As health insurance costs increase, employees are
increasingly eager to maintain their benefits. As a result, workers will bear
the incidence of increased premiums because the changes in their healthcare
costs will be offset by changes in salary which will not alter their overall compensation.
Employees make a tradeoff between salary and other forms of compensation like
fringe benefits. Ultimately workers are sensitive to price because they
are human and by increasing premiums for their unhealthy lifestyle choices, it
creates a negative incentive for them to change their habits.
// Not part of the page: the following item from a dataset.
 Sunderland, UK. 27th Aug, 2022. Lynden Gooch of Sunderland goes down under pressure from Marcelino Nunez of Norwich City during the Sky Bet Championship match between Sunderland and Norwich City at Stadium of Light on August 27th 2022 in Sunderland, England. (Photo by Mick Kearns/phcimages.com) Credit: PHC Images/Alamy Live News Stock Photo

If firms do not take into account the risk level of
each employee through factors like smoking and obesity, it can cause inefficiencies
in the labor market. If firms do not have some sort of differential to pay for
insurance premiums for workers with unhealthy lifestyles, firms might have an
incentive to hire underqualified workers as long as they are thin or nonsmokers
as presented by The Journal of Health Economics. Employees therefore should pay
for higher premiums if their healthcare costs are linked to lifestyle choices
because if not done, it could diminish incentives to be healthy and therefore
not decrease costs.
If firms can classify and separate employees who make
unhealthy lifestyle choices and provide negative incentives, like an additional
ten percent over the premiums that other workers pay, it can encourage employees
to modify their behavior and become healthier which is supported by American
Journal of Health Economics’ research.
If employees did improve their health, it would ultimately lead to savings in
healthcare costs for employers. Differentials in wage for benefits is economically
sound both for the employee and employer because otherwise some employees would
lose their jobs to more healthy workers but employers might receive less
efficient individuals. The differentials can be offset by the benefits received
and also increase overall utility of the employees and employers.